> **Source material**
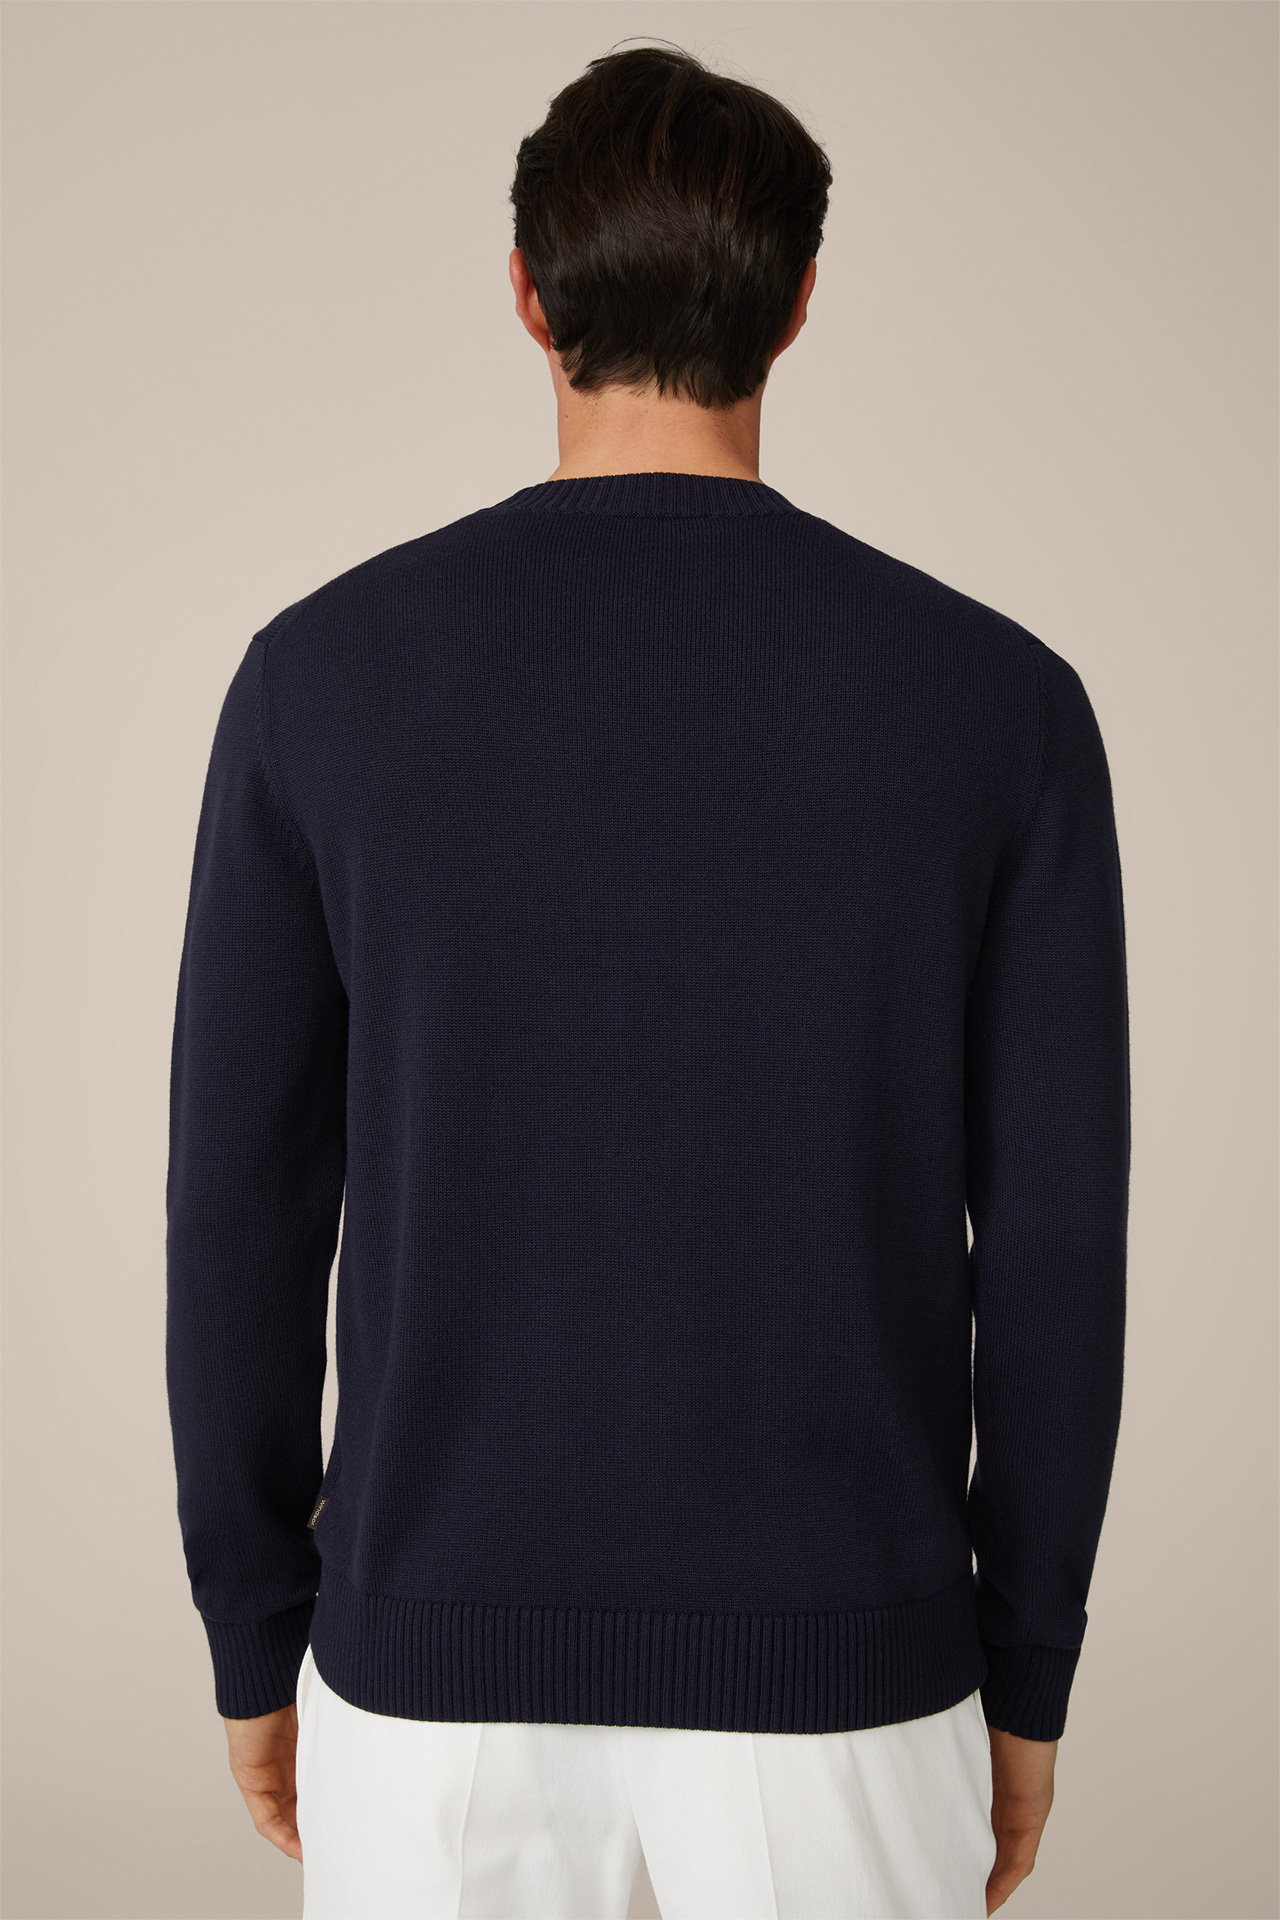 Nedo Knitted Sweater in Navy
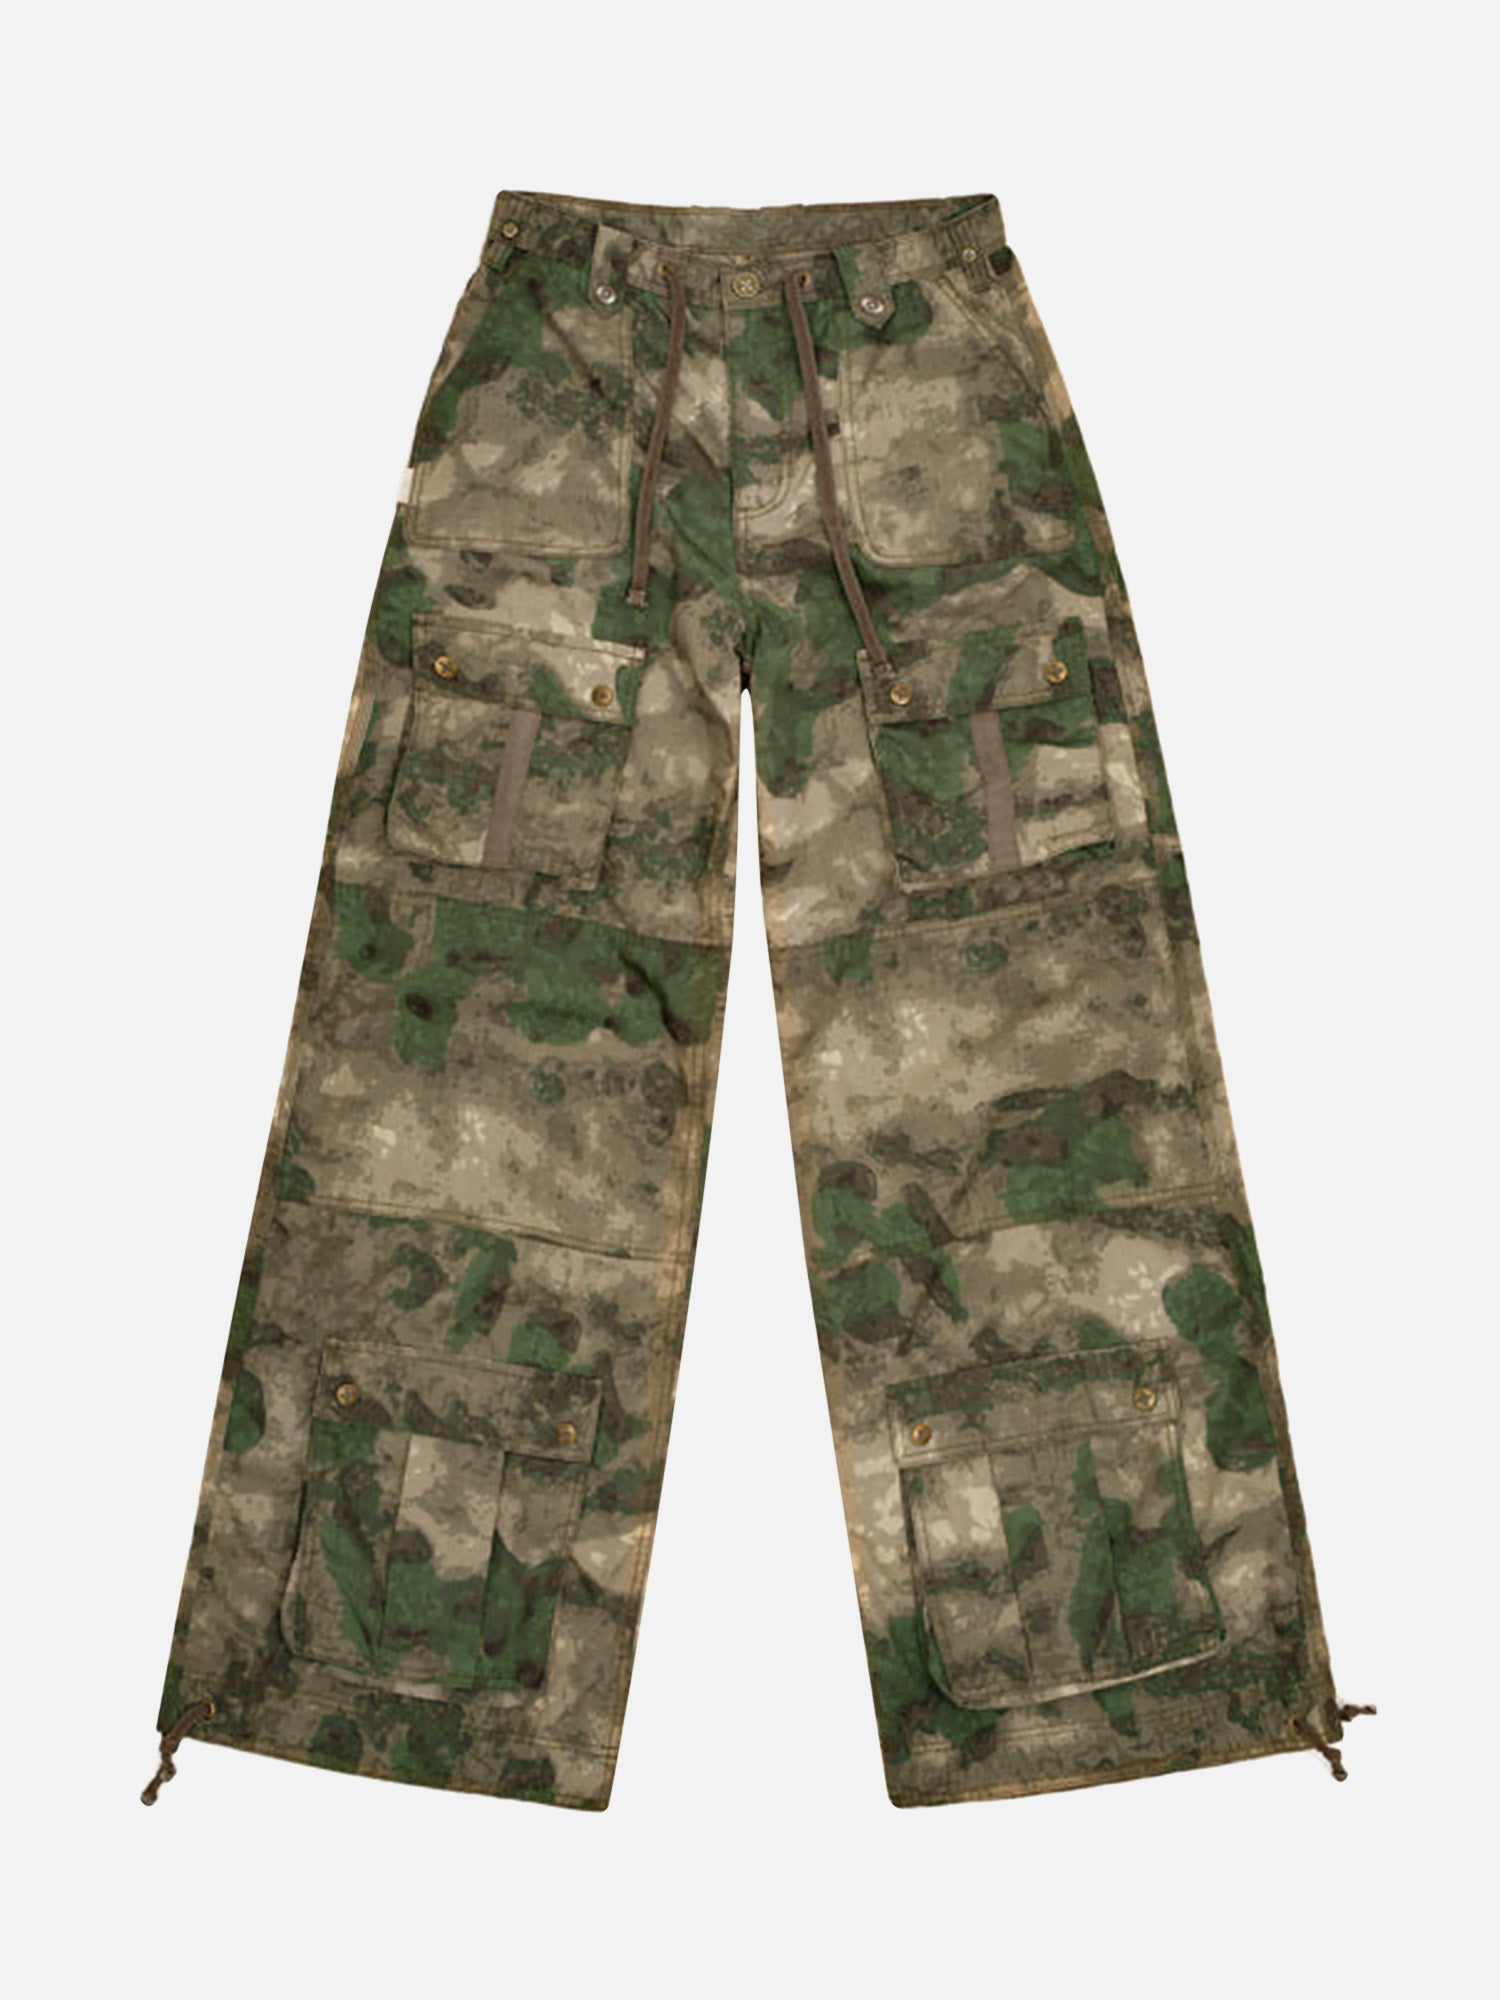 Thesupermade Viper Thermal Camouflage Hiking Pants Adjustable Wide Leg Pants
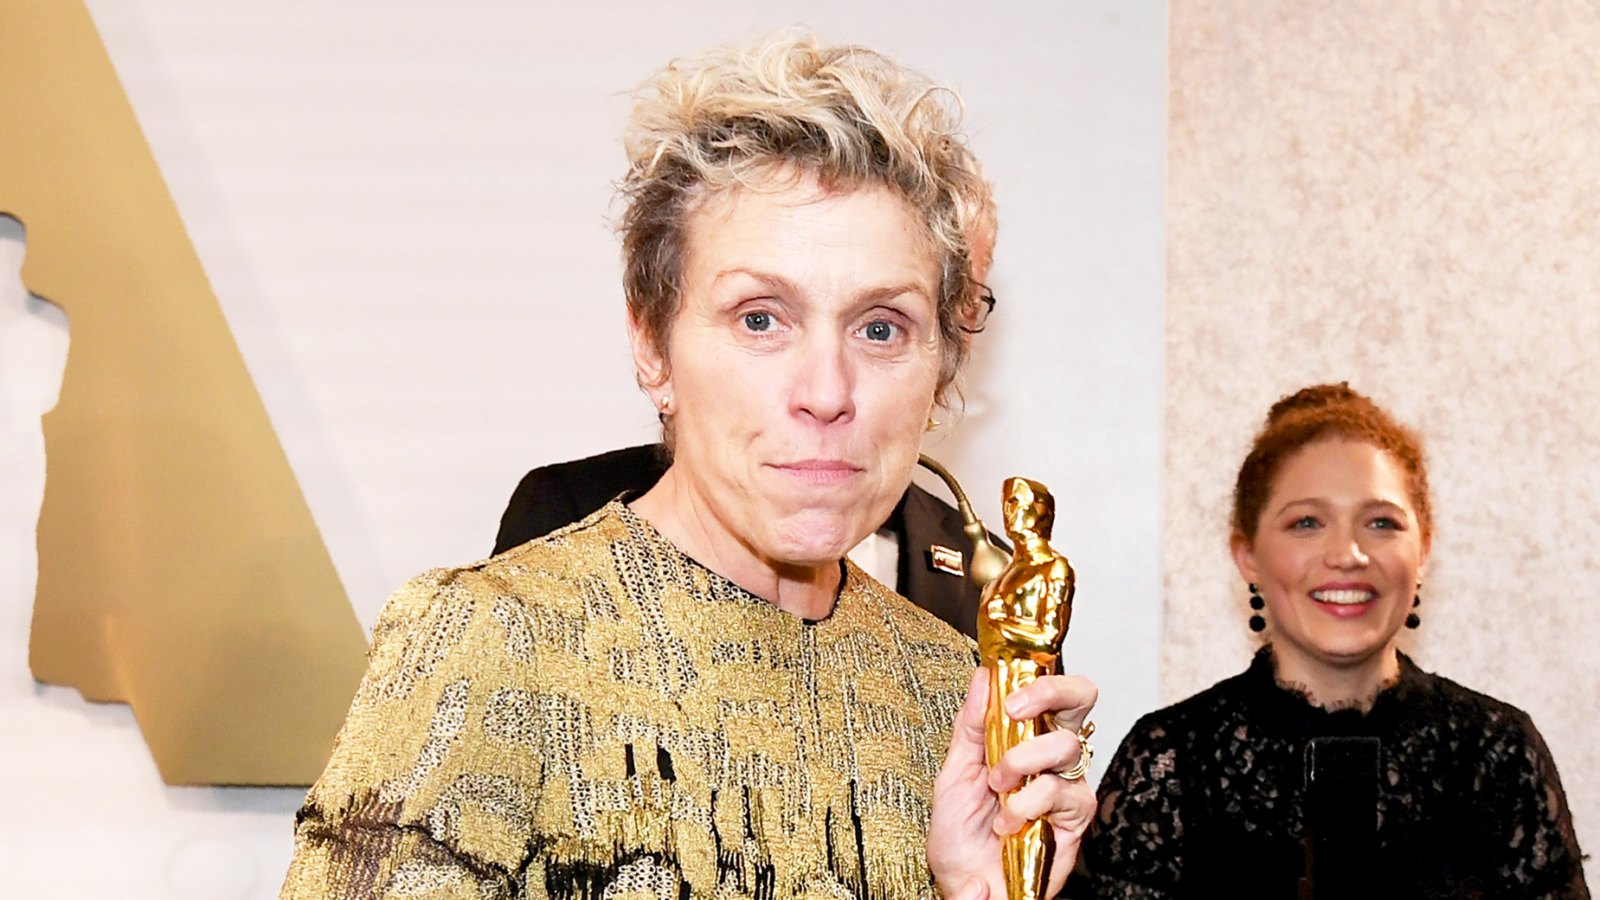 Frances McDormand attends the 90th Annual Academy Awards Governors Ball at the Hollywood & Highland Center on March 4, 2018, in Hollywood, California.

> **Goal of the exercise**
Locate the line containing "Thesupermade Viper Thermal" in the material above, then repeat it and every later line exactly, with no pictures.

> **Result of this task**
 Thesupermade Viper Thermal Camouflage Hiking Pants Adjustable Wide Leg Pants
 Frances McDormand attends the 90th Annual Academy Awards Governors Ball at the Hollywood & Highland Center on March 4, 2018, in Hollywood, California.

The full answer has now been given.